_What is needed_: Beginning with the line below that contains "his wedding day." and ending with the line that contains "Wholesale parcel delivery in Tengakhat", retype every line exactly. Pictures are not copied.

_Data records_:

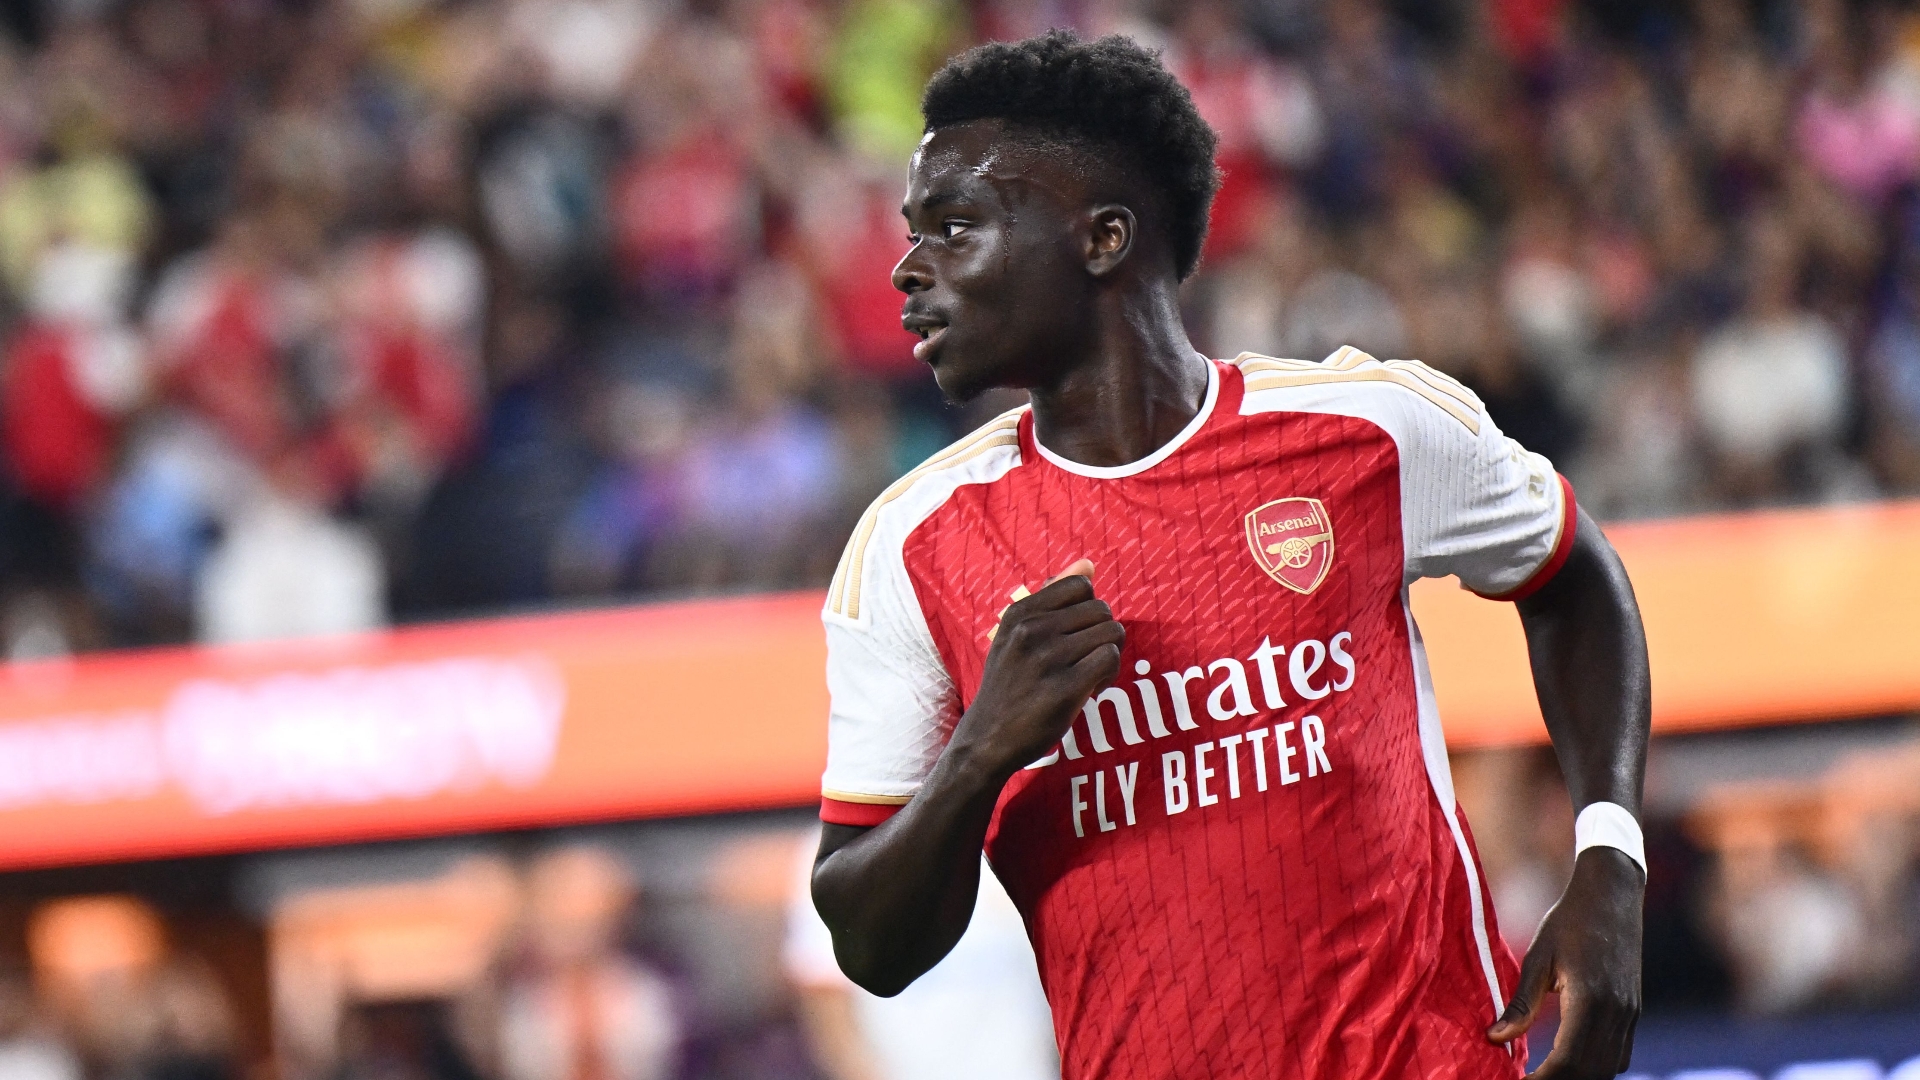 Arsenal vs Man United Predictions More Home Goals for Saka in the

--

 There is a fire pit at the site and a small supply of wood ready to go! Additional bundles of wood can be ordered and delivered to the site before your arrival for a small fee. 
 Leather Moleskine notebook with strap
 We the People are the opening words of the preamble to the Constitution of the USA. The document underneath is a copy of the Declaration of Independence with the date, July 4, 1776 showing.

--

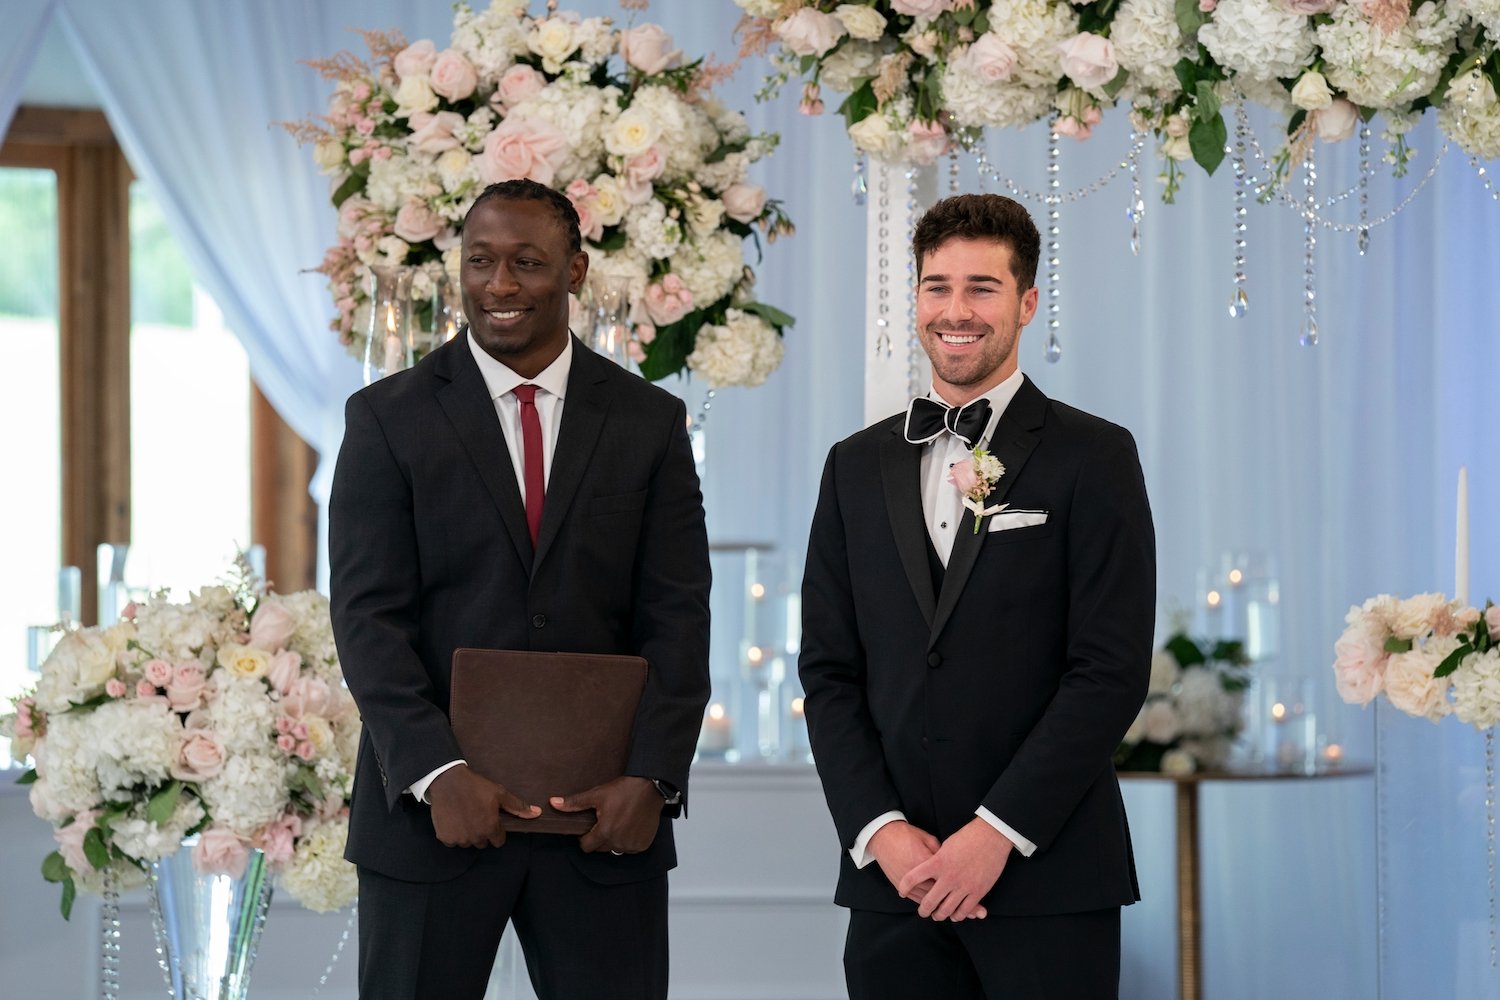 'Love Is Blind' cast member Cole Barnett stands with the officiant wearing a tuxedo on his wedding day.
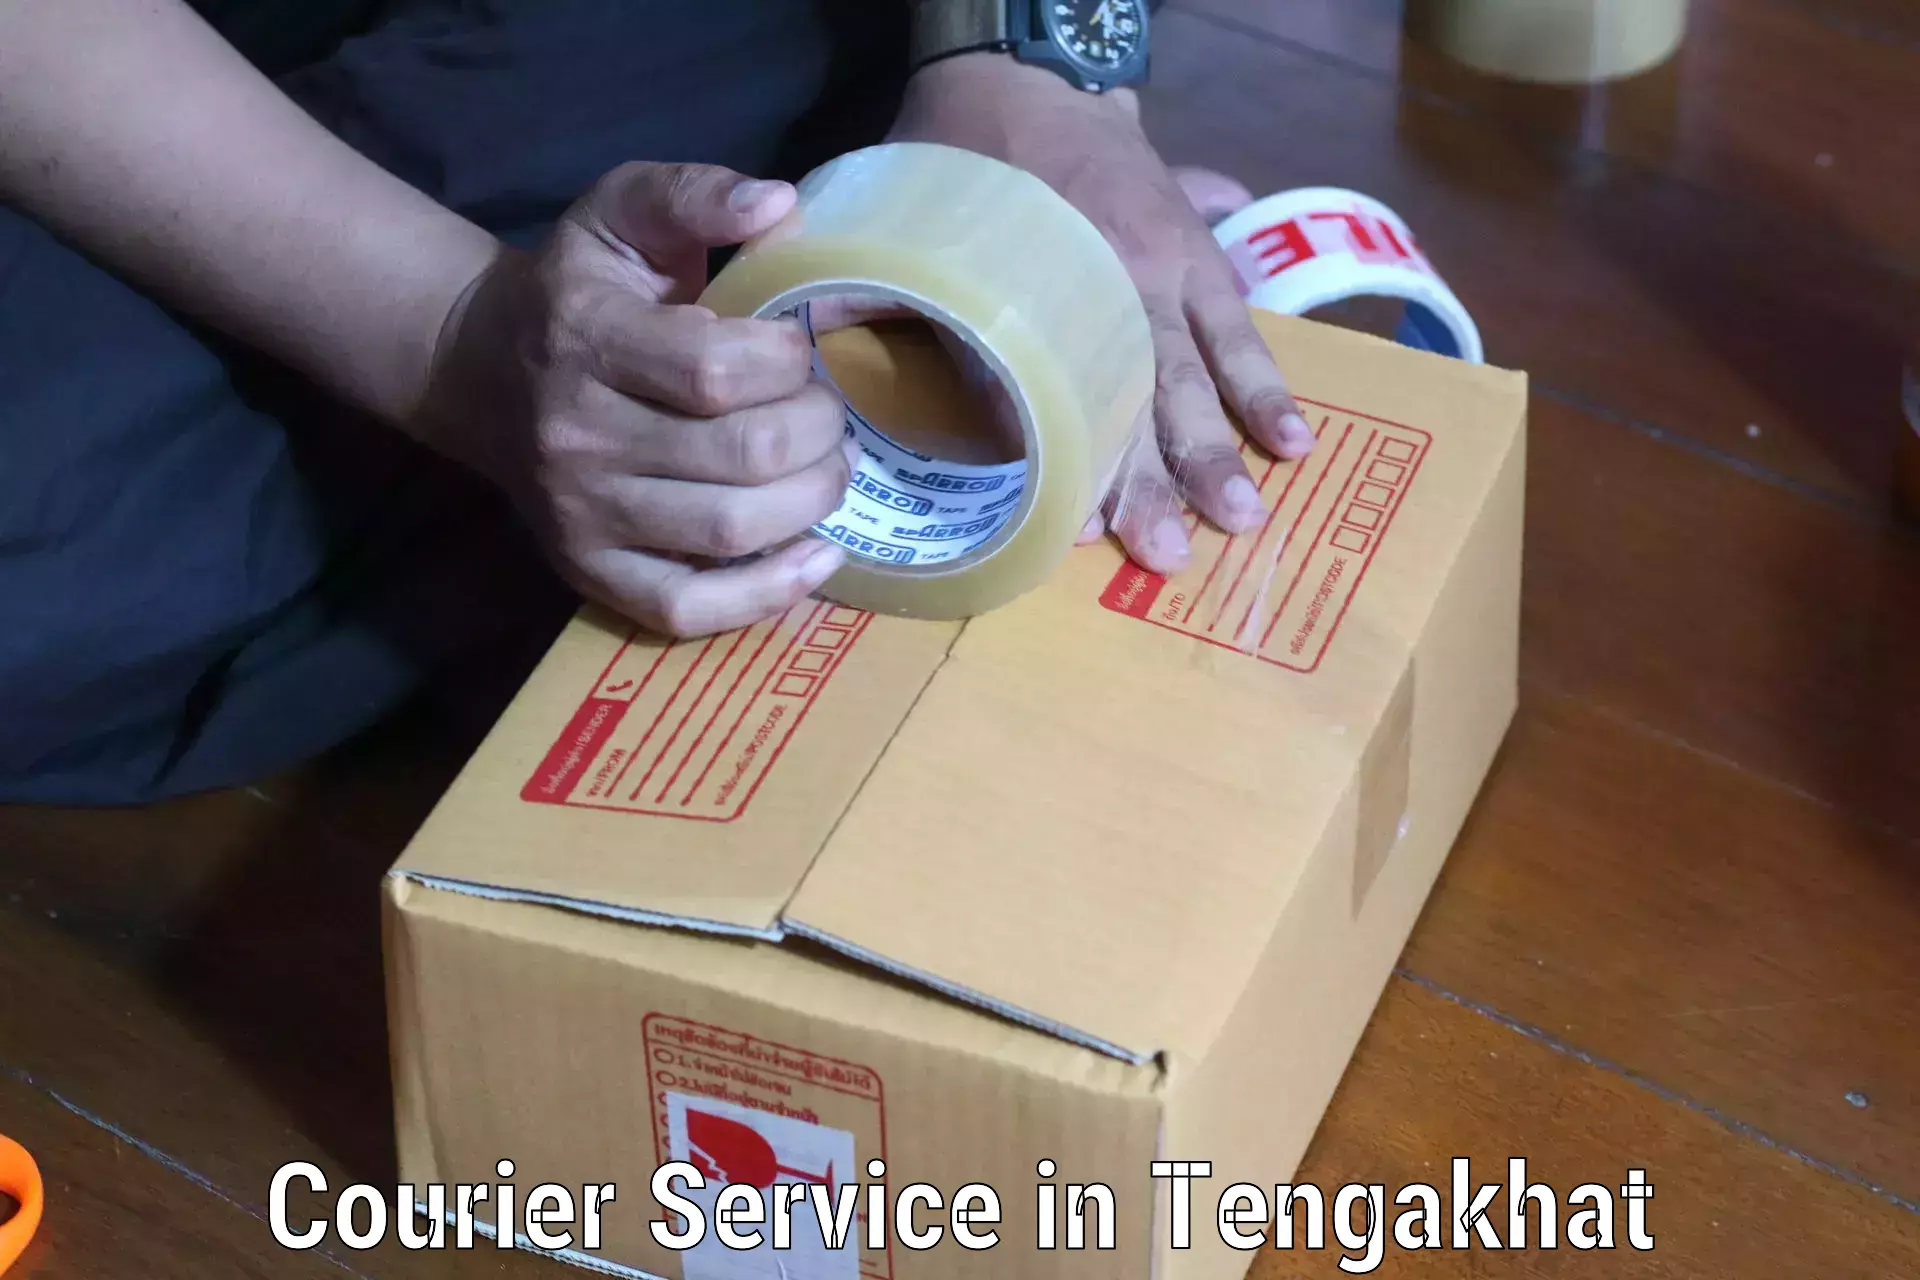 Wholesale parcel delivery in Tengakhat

_Result for this task_:
 'Love Is Blind' cast member Cole Barnett stands with the officiant wearing a tuxedo on his wedding day.
 Wholesale parcel delivery in Tengakhat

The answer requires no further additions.